Va. student gets accepted into all 8 Ivy League schools

When 17-year-old Pooja Chandrashekar applied to college, she filled out a lot of applications. She was being careful.

"I wanted to get into at least one," she said. "I wanted to have at least a few choices."

With a GPA of 4.57, she had set herself up for good news and the acceptances started rolling in.

Brown, Harvard, Columbia, Dartmouth, Yale, Princeton, Penn and Cornell.

"I was really surprised after each one and it just kept getting more surprising," Pooja told us. "I was like, ‘Wait, I got into all eight.' I think Yale was the last one I opened and I was like 'Oh, my God. I got into all eight!'"

According to Pooja, her parents "were freaking out."

She said she has maintained balance despite being a student Fairfax County's prestigious Thomas Jefferson High School for Science and Technology.

"I don't think I studied too much," said Pooja. "I think I studied enough and I also found time to do a lot of things I enjoy."

Like creating an app that helps diagnose Parkinson's disease by detecting vocal tremors.

"You basically open the app and you speak into it," she said. "You speak a long vowel sound for around 10 to 15 seconds. It can diagnose with 96 percent accuracy."

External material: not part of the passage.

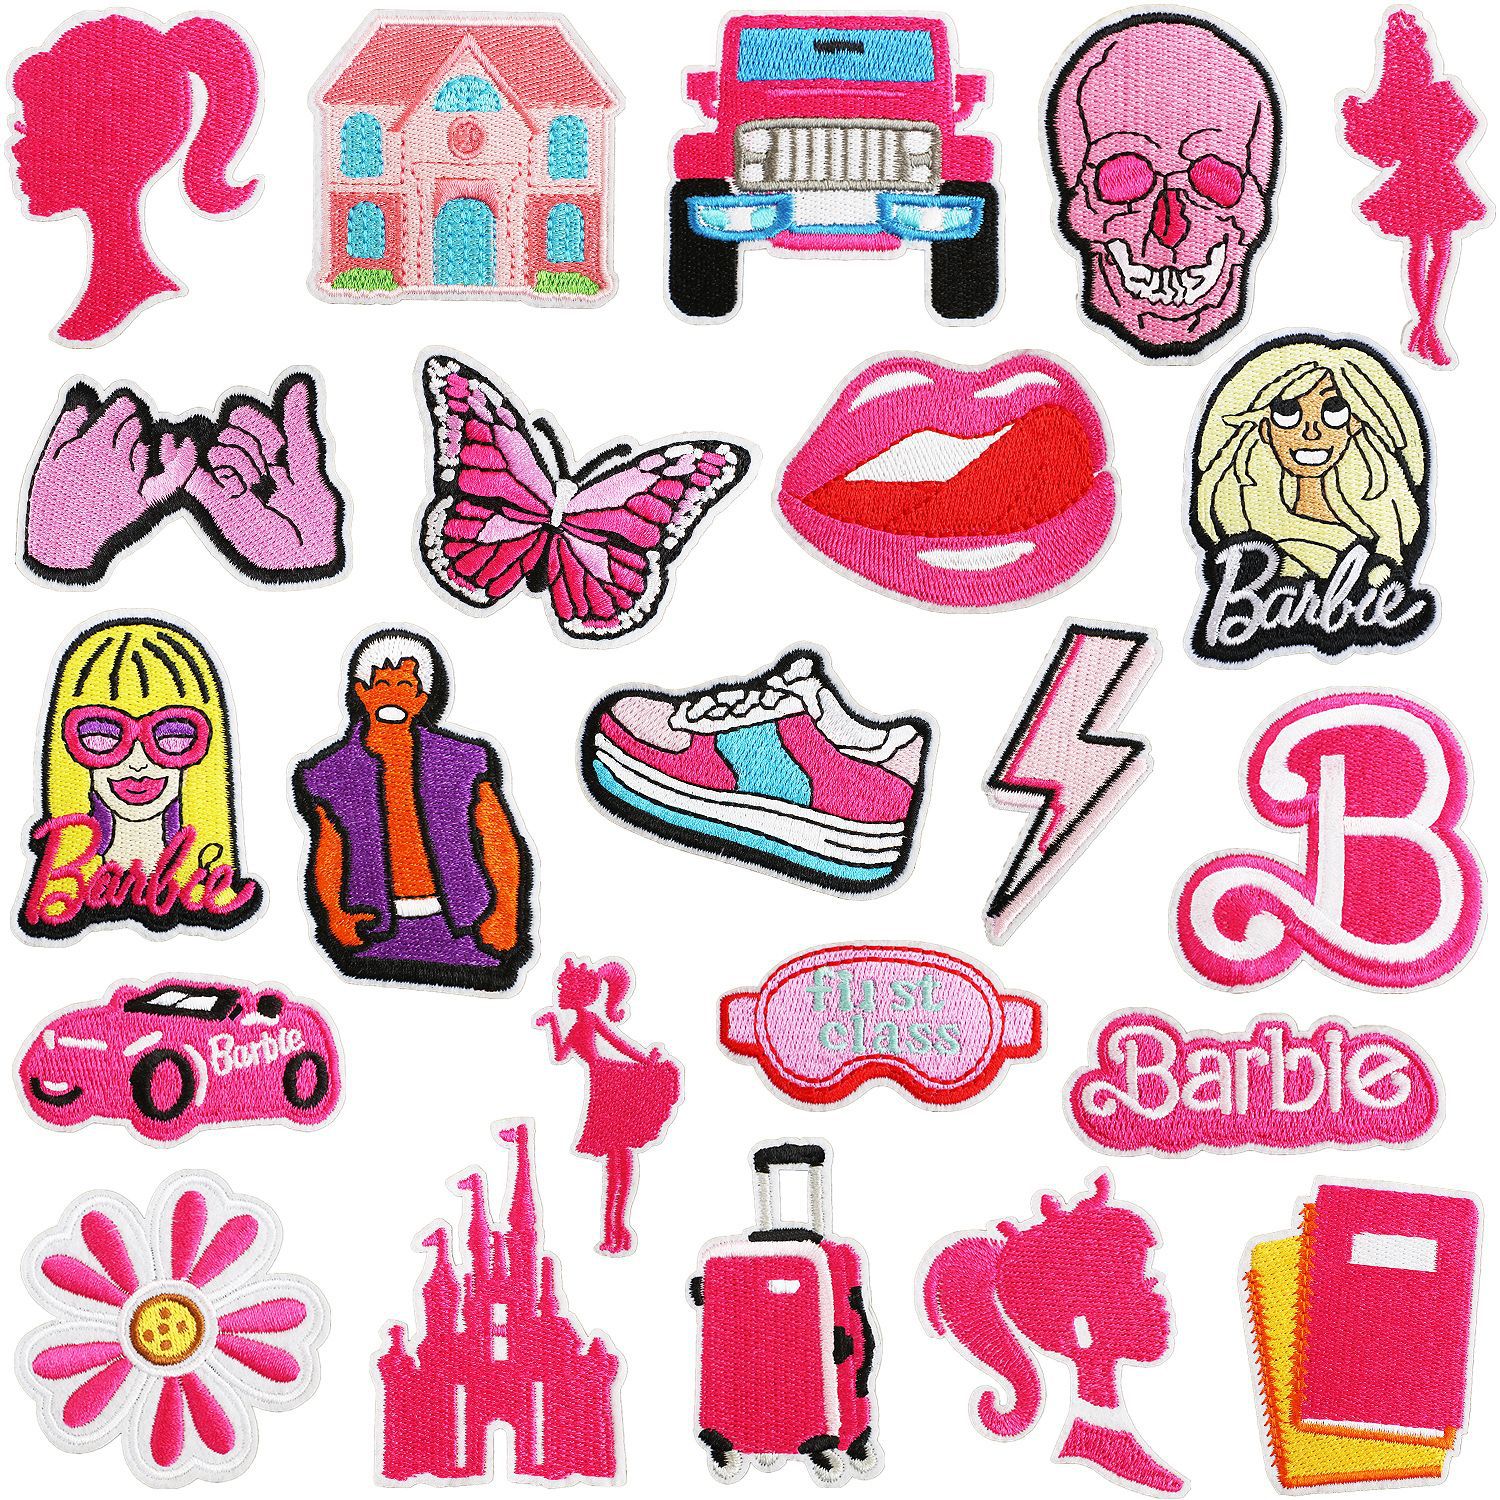 23 Pieces Girls Iron on Patches for Clothing Jackets Assorted Size DIY Sew Pink Castle Embroidered Applique Decorative Repair Patch

She is also CEO of a non-profit called ProjectCSGIRLS that encourages girls to choose careers in math, science and technology.

"There's a stereotype that exists of this male programmer sitting alone in his basement coding away," said Pooja.

She has narrowed her choices to Harvard, Stanford and Brown. She has to make a final decision by May 1.

She hopes to major in biomedical engineering and eventually go to medical school.

"Really work at that intersection of health care technology and business," she told us.